In order to get the van ready for the trip, I took it to Jiffy Lube. It was a very long wait, which is to be expected at 4 pm on a Friday afternoon. I can tell I haven’t been out of the house or away from the kids enough lately because sitting in the Jiffy Lube waiting room for two hours was soothing. Now I just need to kick myself into gear and get the rest of the packing done.

The last immunizations

On the list of “parenting things I’m glad to be done with” I think child immunizations tops the list. I’ve written about this topic before. In fact I write about this topic every time I have to take a child to be immunized. I have to write about it, because the experience is an emotionally laden one and I always need to process the thoughts and emotions. Patch had his Kindergarten shots today. That means I am done. I will never again have to hold a crying child in my lap while helpful, but potentially toxic substances are injected. They’ll all need boosters at age 12, but that is a whole different ball game. Twelve year olds can be logical about the need for shots.
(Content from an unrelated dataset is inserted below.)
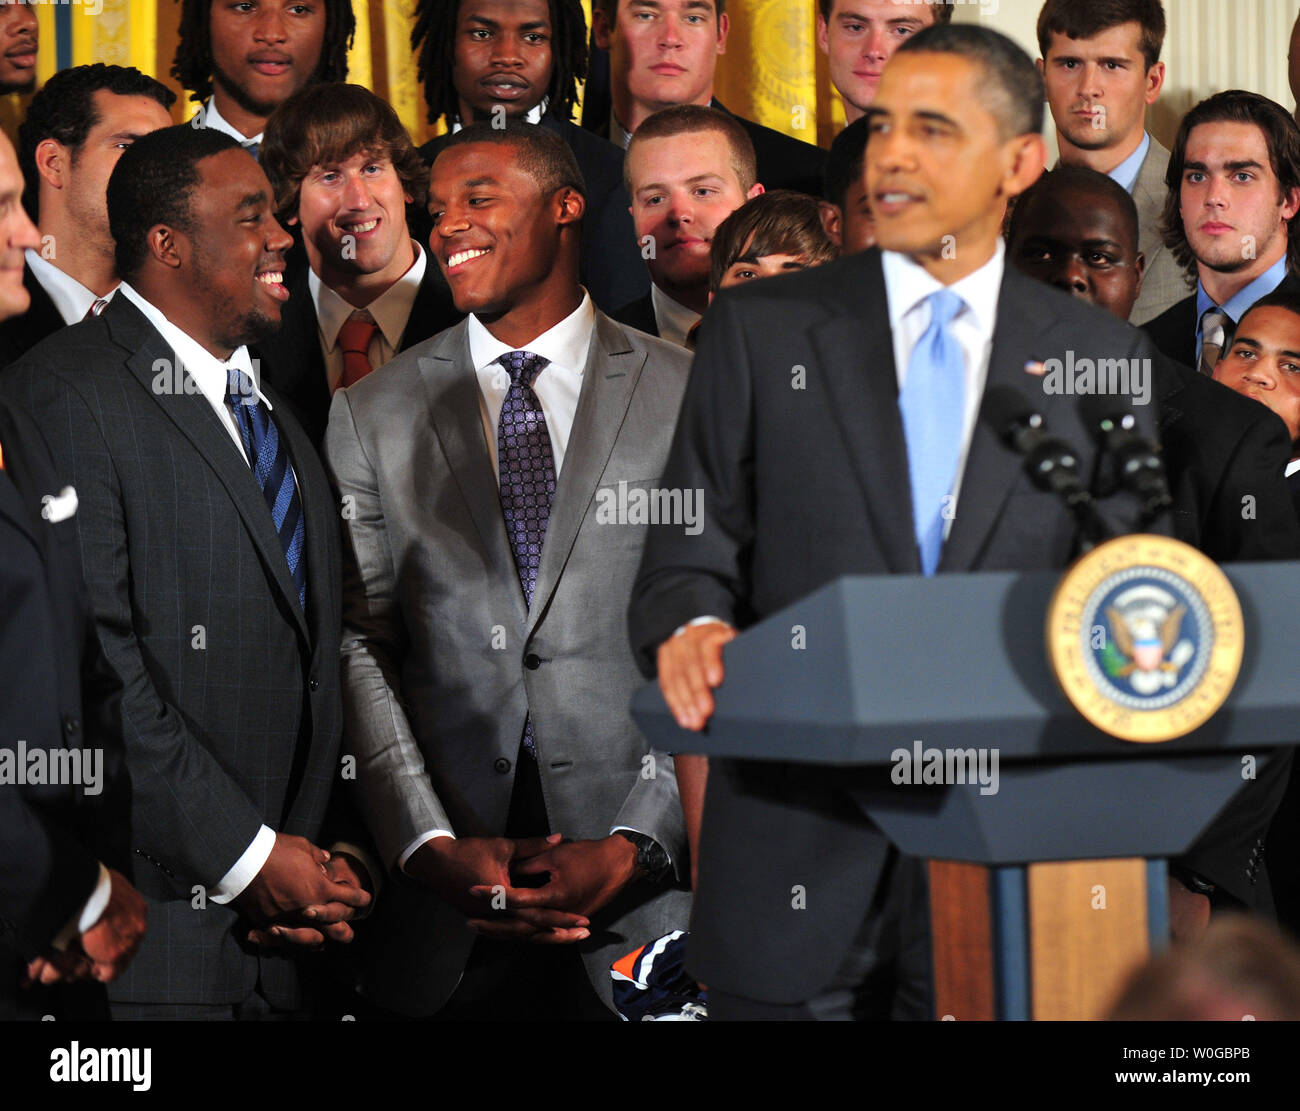 Le gagnant du Trophée Heisman Cam Newton (C) sourit comme le président Barack Obama parle de lui à une cérémonie en l'honneur du Champion NCAA 2010 Auburn Tigers dans l'Est à la Maison Blanche à Washington le 8 juin 2011. UPI/Kevin Dietsch Banque D'Images
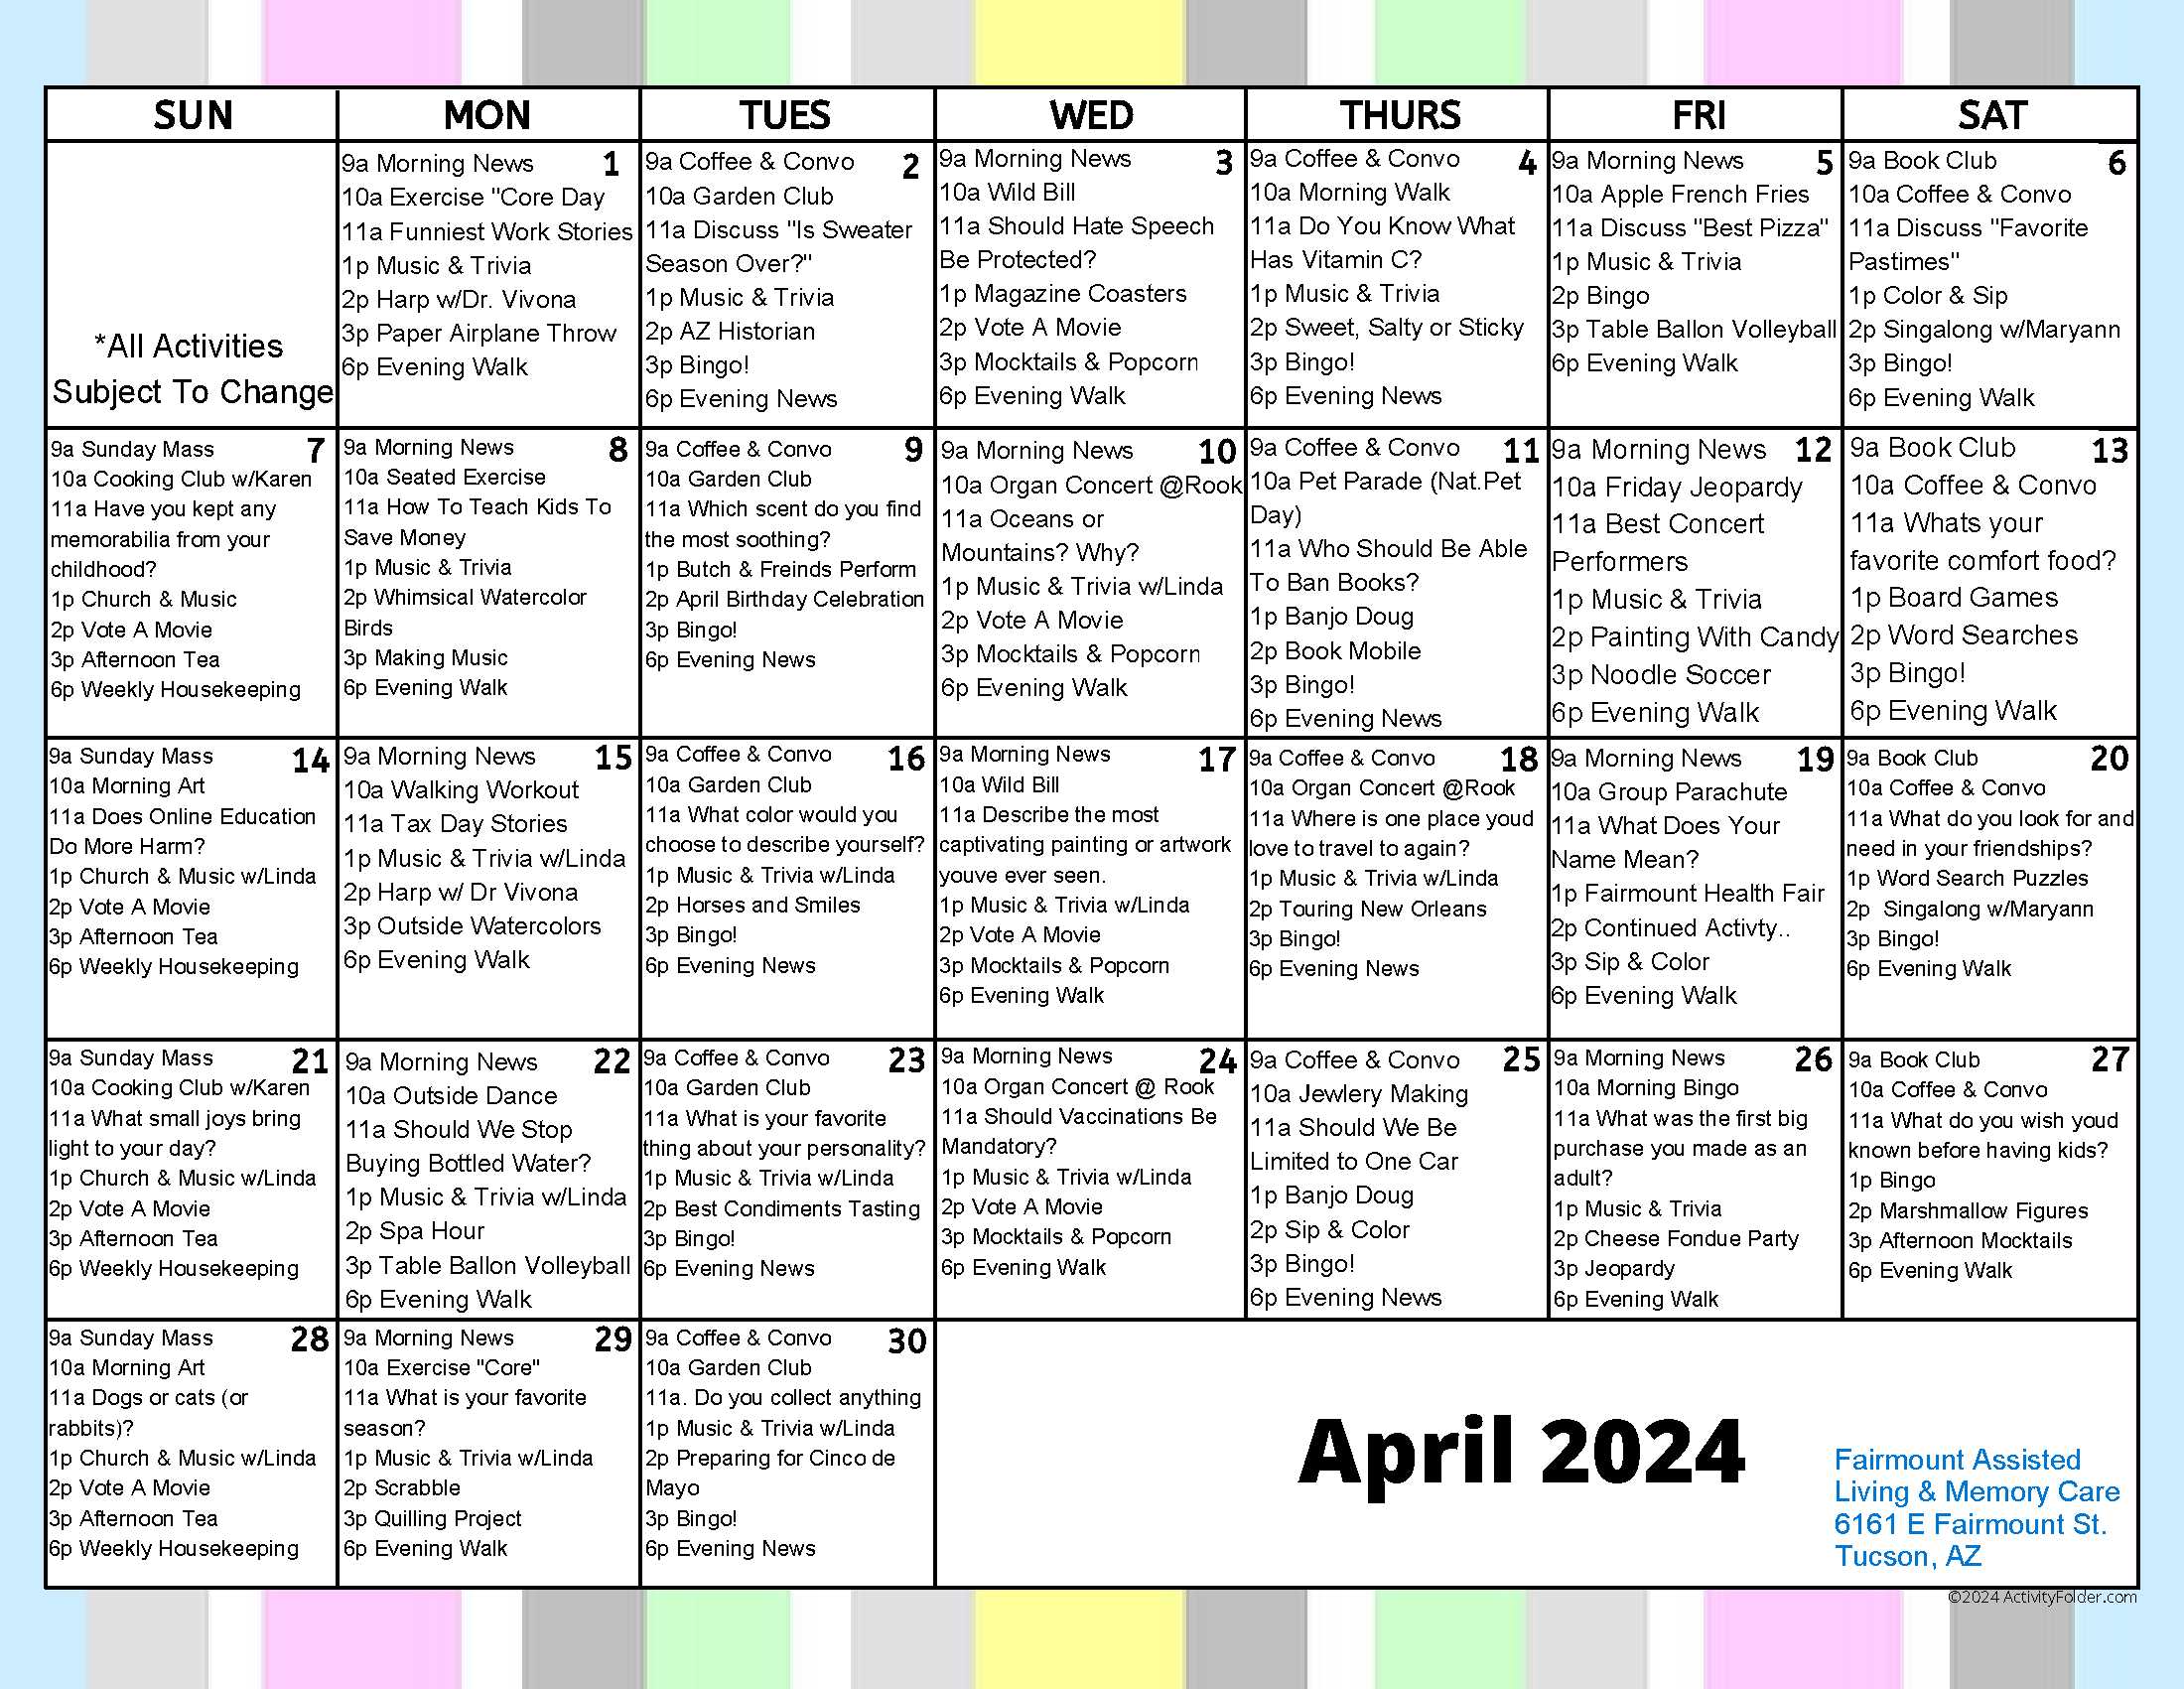 Fairmount Activities April 2024

I’ve generally been of the ‘talk things through in advance’ school of thought for immunizations. I like to warn my kids they are coming, why they must be done, and how it will all be handled. I have not had the brainspace to do that for Patch. I should have started weeks ago to prepare for today. But today arrived and I realized that I had a window of opportunity in which I can deal with potential post-shot reactions before life gets really crazy again. If I wait until after the craziness, I’ll have to stand in long lines with other parents who are in a rush to get the shots done before school starts. So I sprung the shots on Patch. I took him out for “errands” without clarifying that County Health Office = shots for Patch. I didn’t want to completely ambush him though, so I did not wait until we were faced with the row of needles before telling him. I told him in the waiting area.

It is a measure of Patch’s trust in me that while he cried and asked to be taken home, he did not flee. He huddled in my lap and tried to convince me not to make him get shots. It was hard. I don’t want him to have to get shots either. The nurses tried to help me distract Patch with stamps and coloring pages. He was smarter than that. He did not want a blueberry scented dog stamp, he wanted to not get shots. But he did get shots. The nurse was very quick. After it was all over, Patch and I talked about how scary it was before the shots, but afterward the shots did not seem scary at all. By the time we got home, he was happy to show off his bandaids and eat cheetos.

Now I get to bite my nails and feed him tylenol and watch for any frightening reactions to the injections.